### [Task prompt]
Once the line holding "Final Call of" is found, output it and all remaining lines of the data exactly, with every picture left out.

### [Source data]
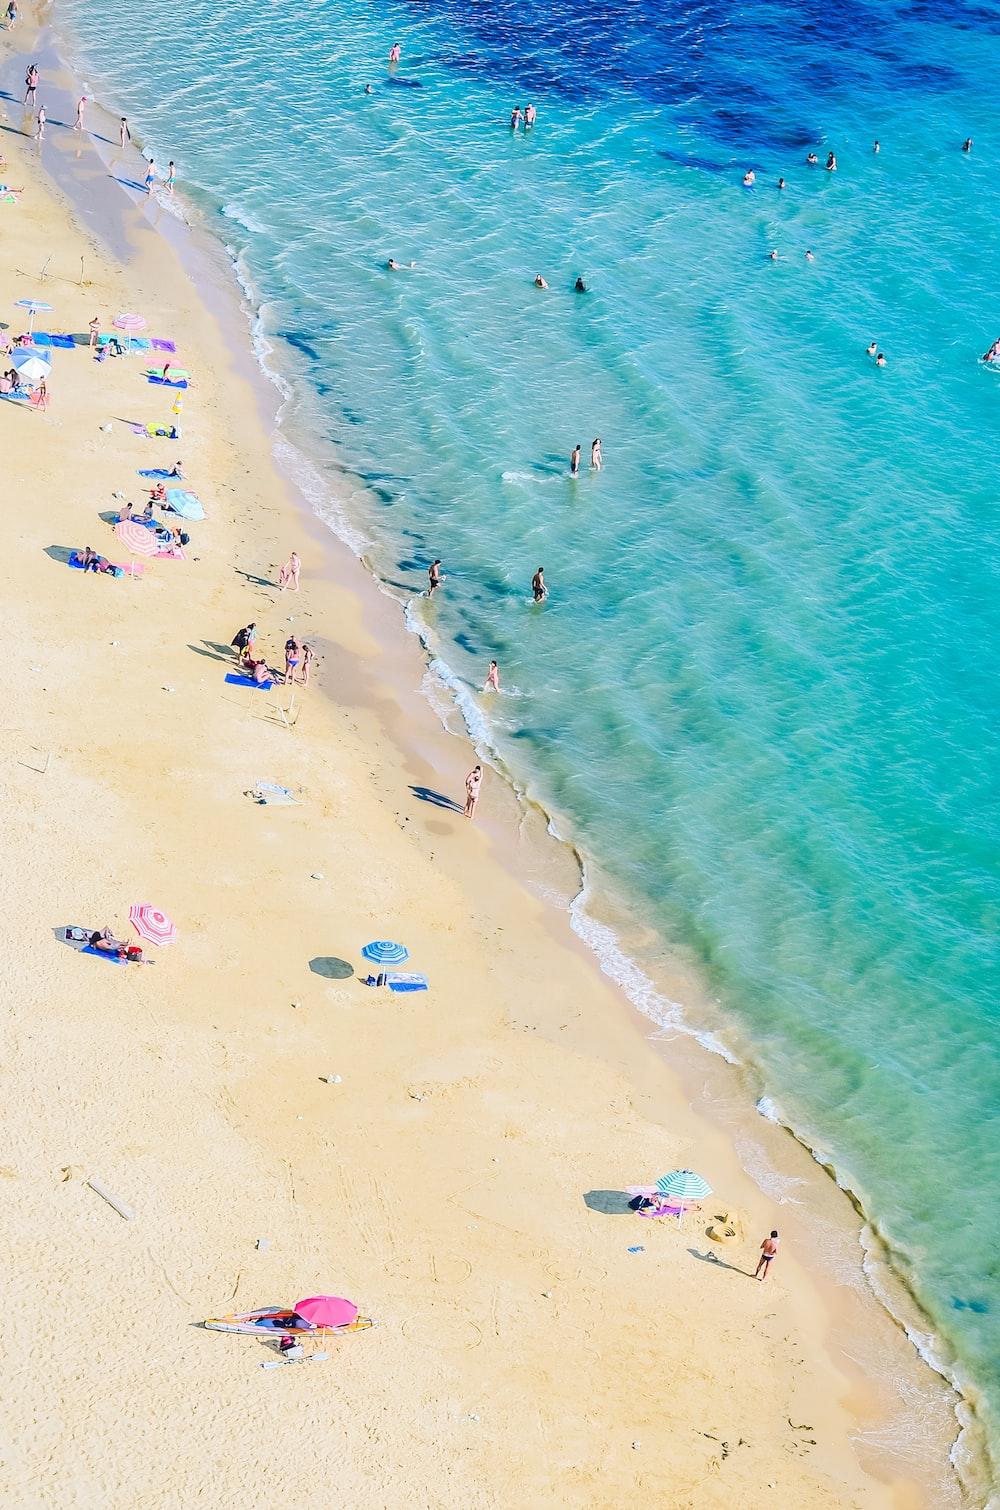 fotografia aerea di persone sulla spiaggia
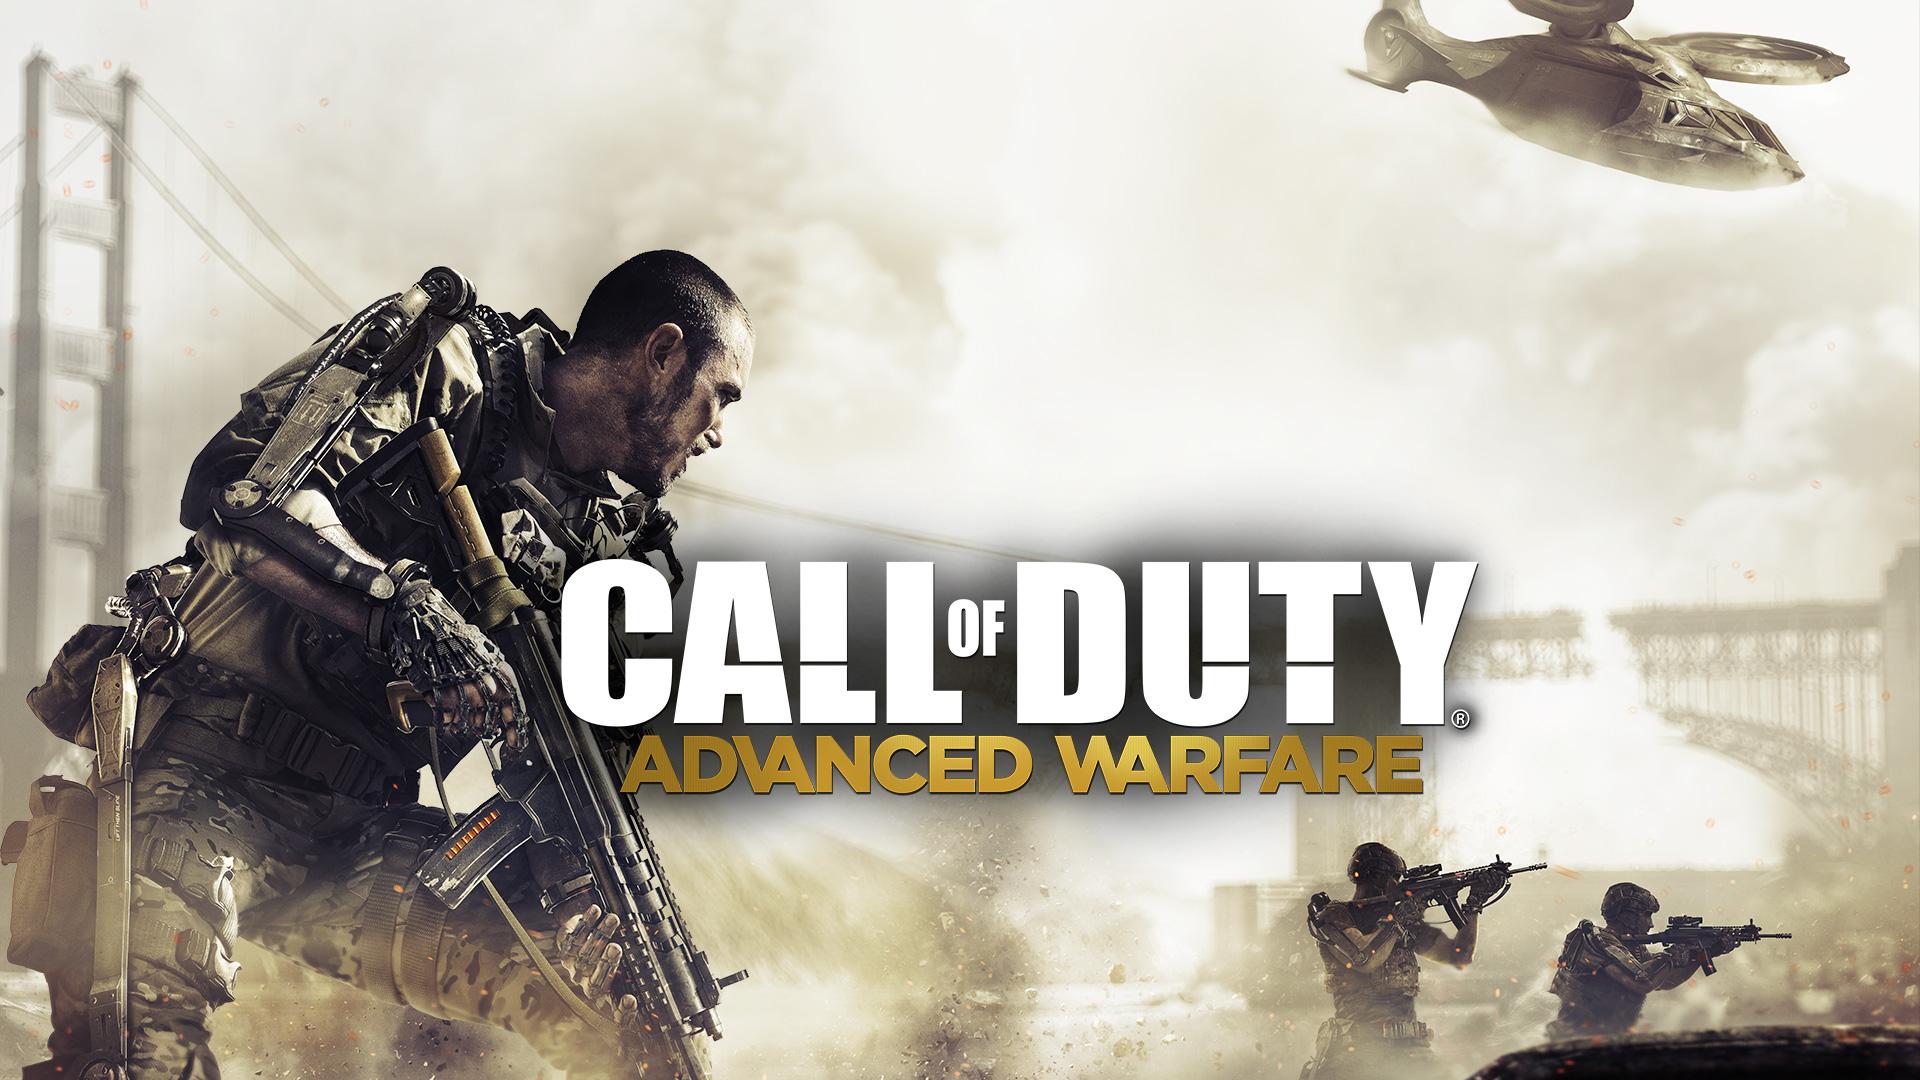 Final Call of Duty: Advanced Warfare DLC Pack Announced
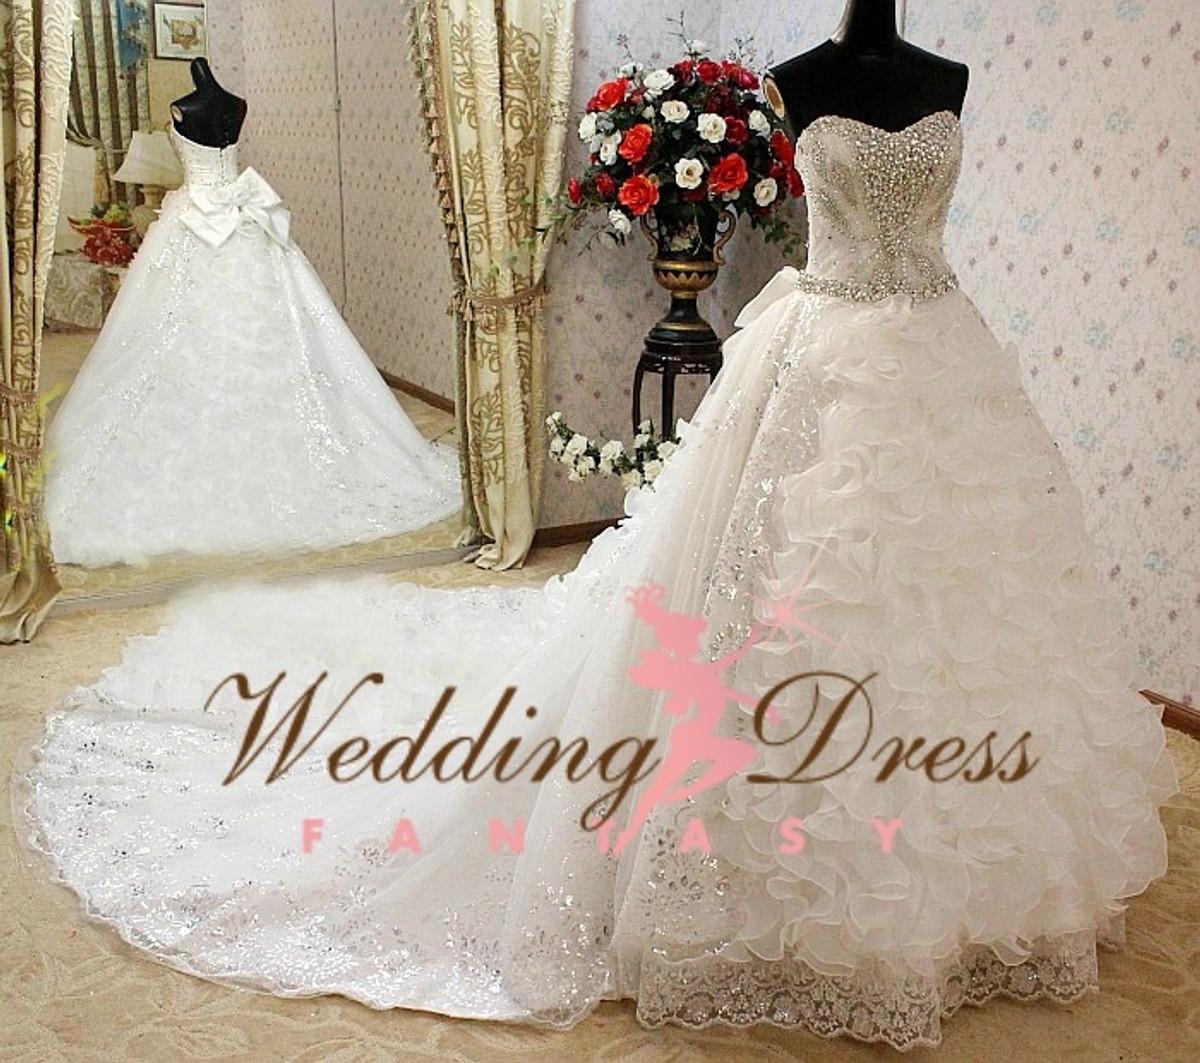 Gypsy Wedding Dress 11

### [Your response]
 Final Call of Duty: Advanced Warfare DLC Pack Announced
 Gypsy Wedding Dress 11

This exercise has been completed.